Pihak kedua harus mematuhi perintah dari pihak
pertama kecuali perintah untuk melakukan tindakan kriminal dan merugikan
pihak kedua secara materiil.
2. Pihak pertama berhak
memanggil pihak kedua kapanpun kecuali pihak kedua dalam keadaan sakit yang
dibuktikan dengan surat dokter.
3. Pihak kedua
berhak mendapatkan imbalan setelah melaksanakan pasal satu dan dua yang
besarnya ditentukan berdasarkan kesepakatan bersama.
4. Perubahan
perjanjian ini akan diatur kembali dan pihak pertama akan dikenakan denda
sebesar Rp 5000.000,00 bila melanggar perjanjian sebaliknya bila pelanggar
perjanjian adalah pihak kedua maka pihak pertama berhak untuk melaporkan
tindakan pihak kedua yang telah menjual barang-barang dengan memanfaatkan
pihak pertama tanpa ijin kepada pihak sekolah.
Demikian
perjanjian ini dibuat secara sadar dan bertanggung jawab oleh kedua belah
pihak. Perjanjian ini berlaku sejak tanggal ditetapkan dan berakhir pada
saat kedua pihak lulus dari SMA.
Jakarta,
22 Juli 2009
Pihak pertama Pihak
Kedua
Dewa Lintang
Permana Nabila Ratu Ananda
|
Tadi siang saat
istirahat aku ditawan olehnya di dalam kelas. Dengan lagak professional dia
membuat surat perjanjian itu dengan notebooknya. “Ehm… boleh bertanya?” tanyaku
sambil mengamati tulisan yang dibuatnya. “Apa?” dia balik bertanya. “Harus
sampai pakai surat perjanjian ya?” “Iyalah. Gw nggak mau kena tipu. Lagian loe
bakalan dapat upah juga kok. Daripada jualan secara illegal pekerjaan ini gw
kira lebih professional buat loe,” jawabnya tanpa menoleh padaku. “Tapi kita
kan teman sekelas. Masa teman bikin surat perjanjian yang serius begini?”

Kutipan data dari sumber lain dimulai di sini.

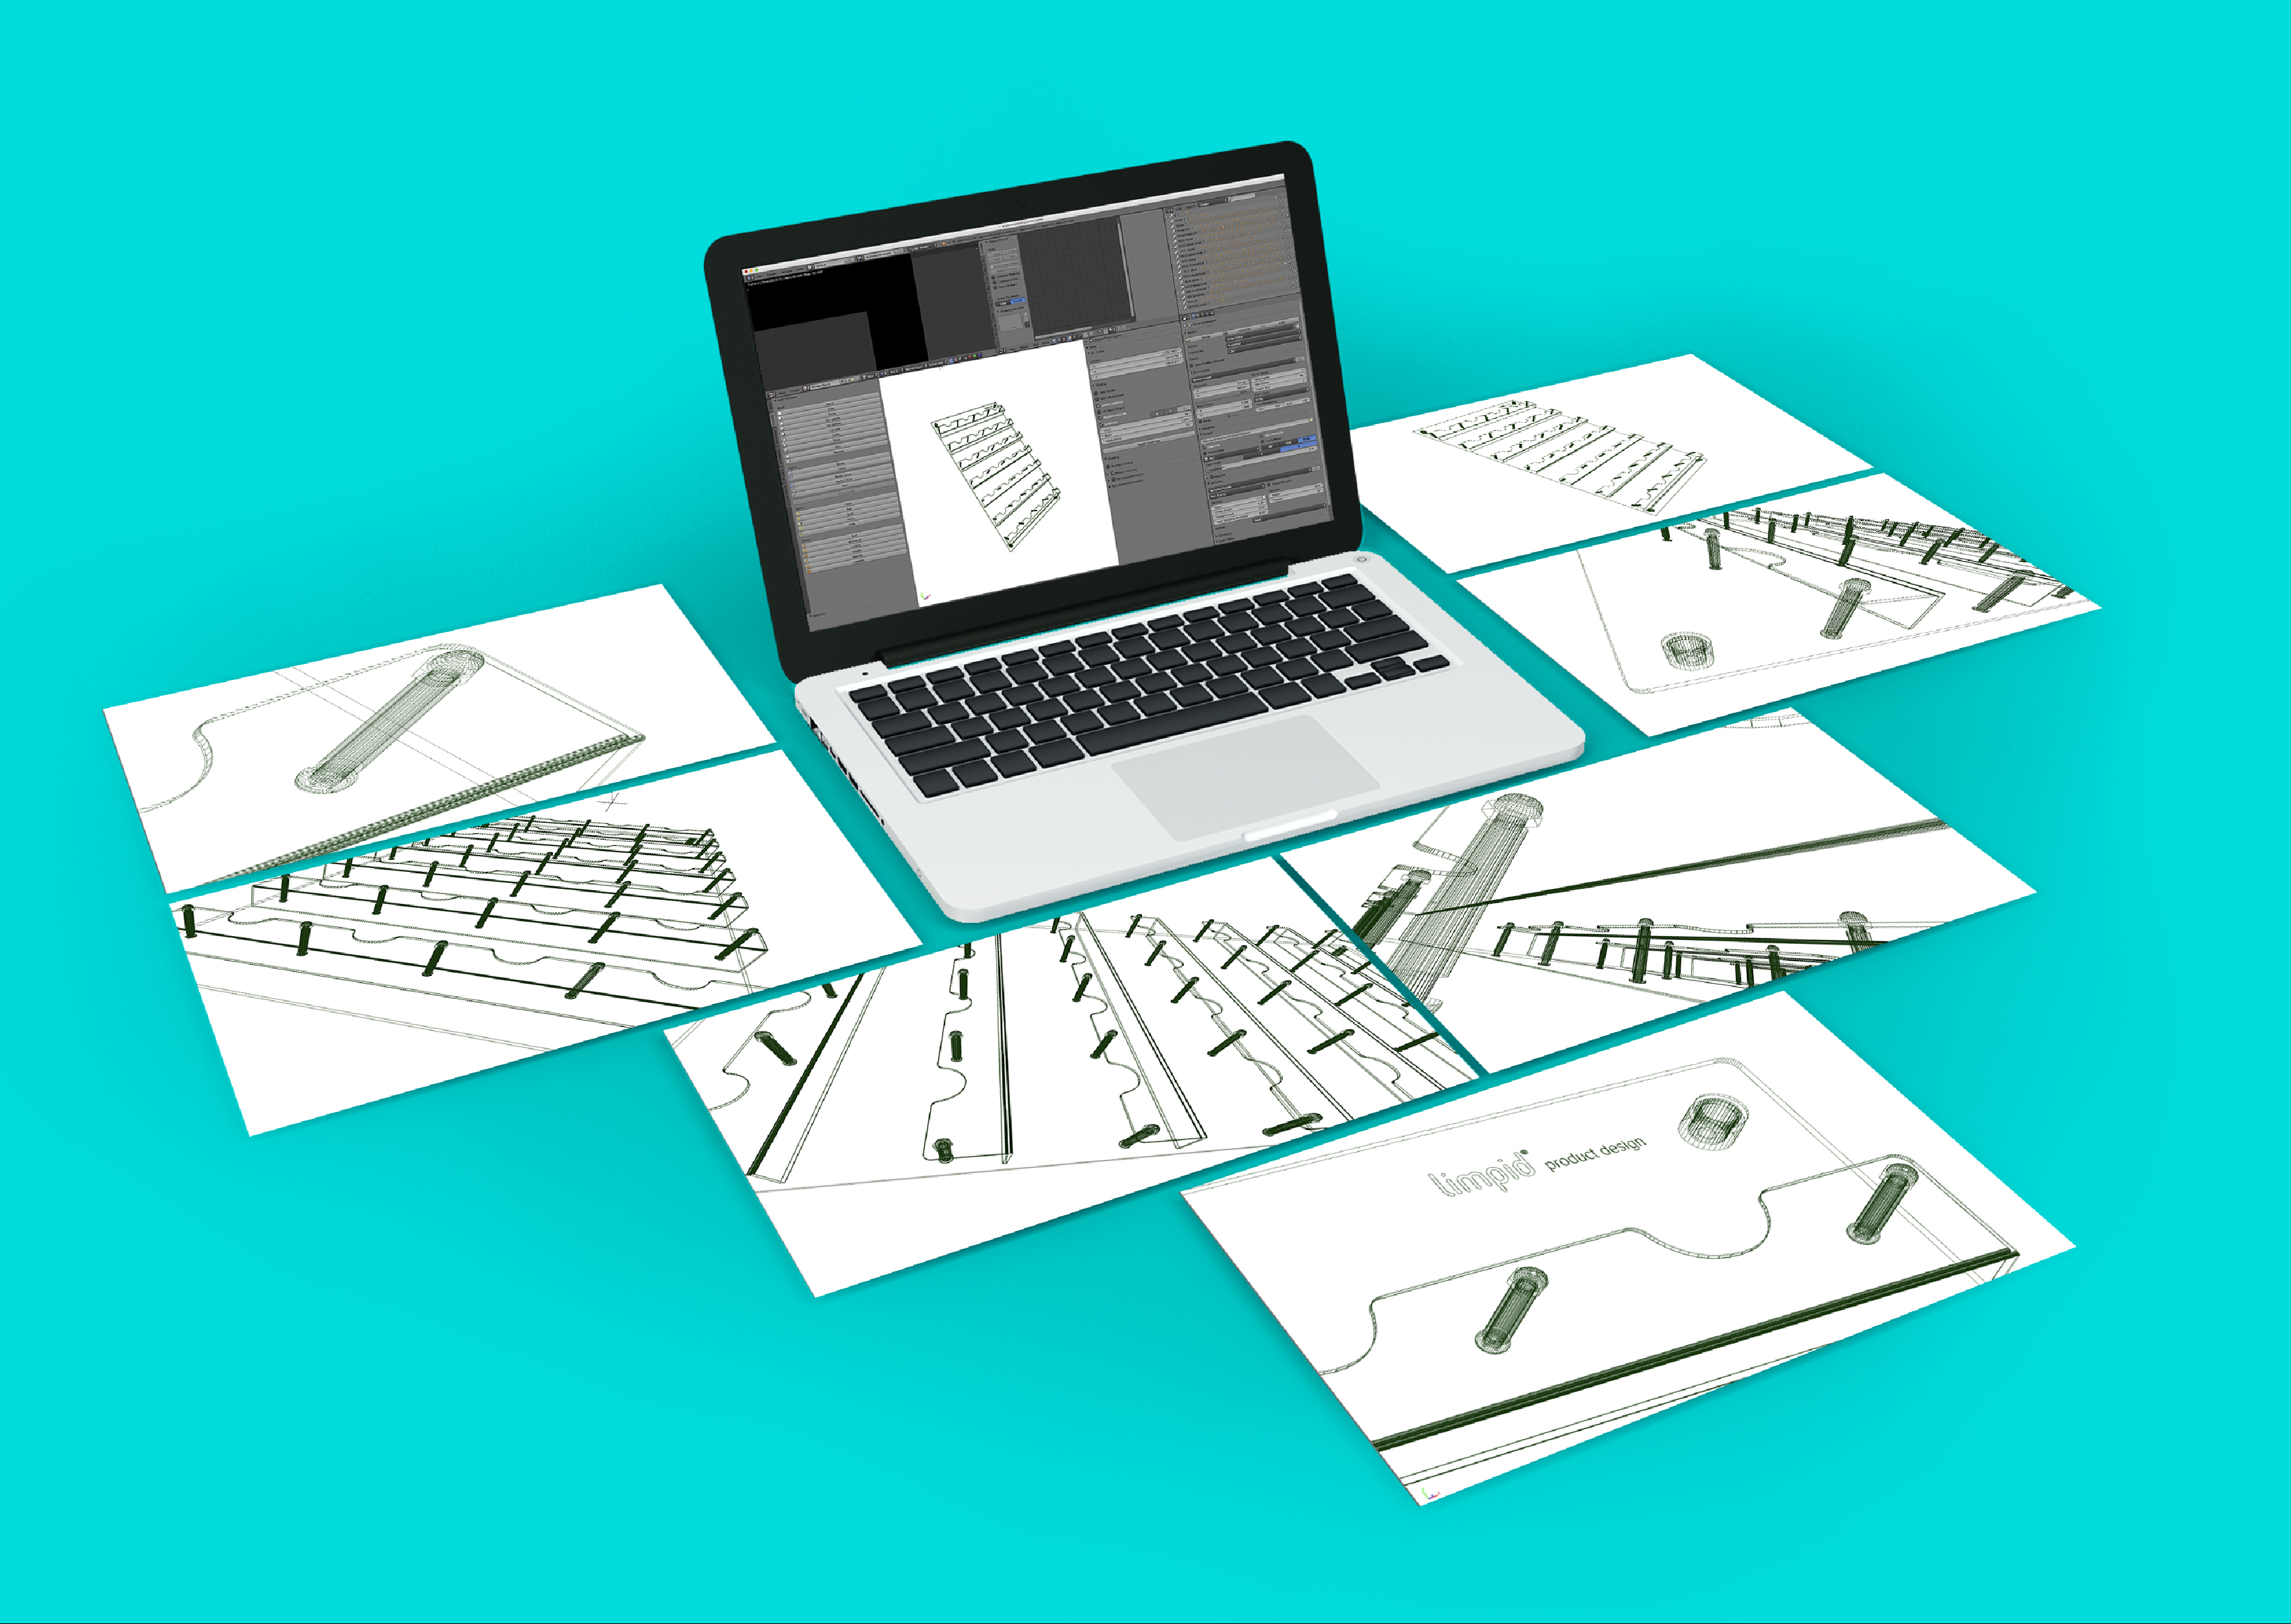 limpid productdesign website hannemann media ag seite 03

“Siapa bilang gw temenan sama loe? Sejak kapan?” jawabannya ini membuatku
bertambah tidak suka padanya. “Kan kita sekelas,” aku berusaha menjawabnya.
“Sekelas bukan berarti gw lalu jadi temen loe kan?” dia menyerahkan usbnya
padaku,” print ini dua kali.” Tanpa sadar akupun melaksanakan perintahnya.
“Gw akan berbaik hati
sama loe. Bagaimana kalau gw kasih loe 7 ratus ribu perbulan dan kalau loe
harus overtime 50rb perjamnya? Dan perjanjian ini baru akan berlaku besok.” Dia
masih sempat memberikan senyuman modelnya saat menyerahkan surat perjanjian
bagianku sementara aku hanya bisa tersenyum kecut padanya.
“Dasar bodoh, Nara
bodoh!!!” aku memukul-mukul kepalaku dengan kepalan tangan, ”Bagaimana ini?
Tunggu, tunggu, berarti aku bakalan jadi babunya Dewa sampai aku lulus? Ya
ampun, emang aku bodoh banget bisa ketipu sampai kayak gini padahal di
drama-drama kan sudah sering ada modus kayak gini cuman bedanya dia ngga suka
sama aku titik ngga pake koma. Mampus dah!” Sampai larut malam aku masih
menyesali keadaan diriku yang bodoh, tidak belajar dari film-film yang kutonton
sehingga harus menjadi pelayan Dewa hingga aku lulus.
Tapi tetap saja
keadaanku sekarang tidak mengubah kebiasaanku datang ‘on time’ ke sekolah.
Kenapa aku seringkali nyaris terlambat padahal kostanku dekat dengan sekolah.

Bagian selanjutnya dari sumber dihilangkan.